Page 1 of 1

Global encoders?

Posted: Fri May 19, 2023 5:56 pm
by Ssggaa

I'm learning about deep fakes and I went through the original guide (viewtopic.php?t=146).

This doc says "When we train our model, we are feeding it 2 sets of faces". If two faces share the same encoder, is it, in theory, possible to build a global encoder (given enough training data)?

That way, one only has to train a single decoder, using the globally trained encoder.


Re: Global encoders?

Posted: Fri May 19, 2023 5:59 pm
by bryanlyon

In theory this would be possible, in practice, only sort-of. The problem is that the encoder will eventually need to focus on the specific faces that you're training to get the best results. That said, we've enabled the ability to copy encoders and even have pre-trained encoders available with Phaze-A that do follow this idea and allow you to start with a pretrained model and either freeze it or allow it to train on the new faces. EfficientNet is particularly useful at shortcutting the early training and can be left frozen for a good while into the initial training but it does require being unfrozen at some point to learn the new faces properly.


Re: Global encoders?

Posted: Fri May 19, 2023 6:18 pm
by Ssggaa

Thank you Bryanlyon for such a fast response!

This is more of a science question - The part I'm having trouble understanding is that the encoder's role would be to create some kind of lossy intermediate format for decoders to then construct an image from. Is the in-practice issue that the conversion from the input to the lossy format is not trivial enough to globalize for any face?

Let's say I had unlimited resources and I could get 10k face datasets. I use a single encoder with 10k decoders (for each face) to influence it's weights. Could that work for a global encoder?


Re: Global encoders?

Posted: Fri May 19, 2023 6:25 pm
by bryanlyon

There are datasets with over a million faces that have been used to train the newest model architectures to encode faces. They've been very good at starting training, but have never been able to beat a 1:1 trained encoder.

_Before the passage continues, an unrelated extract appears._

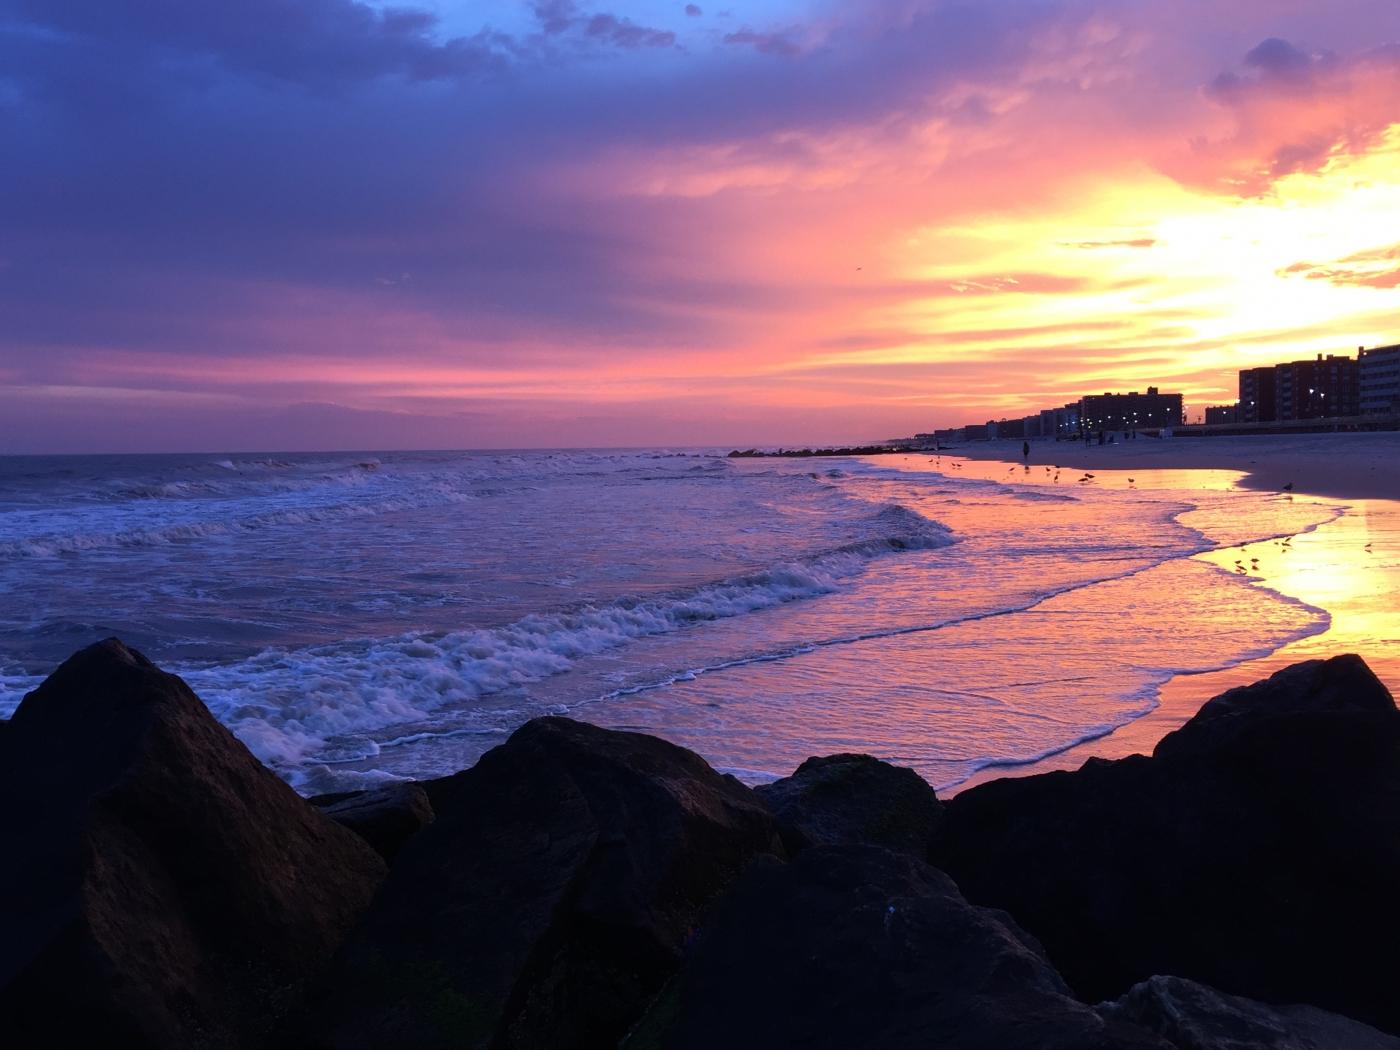 Long Beach 铺天盖地的晚霞(手机)_图1-16

Is it theoretically possible for a generic encoder? Almost definitely. Has it been done? Not yet.

We have ALWAYS been able to get a good bump in quality by allowing the encoder to train on the individual faces we're looking at. It's just better able to encode the details of those two faces if we give it the room to ignore other possible faces.

The big advantage the pretrained encoders give is shortcutting the early training time. Once the decoder gets trained to catch up with the encoder though, we always recommend unfreezing the encoder so it can get better and the result can get the best it can. Is it possible that you might decide "this is good enough" and just keep the encoder frozen? Definitely. That's why we leave the setting of freezing the encoder up to the user. They're free to decide if the results meet their standards and can decide to stop training or alter settings at any time.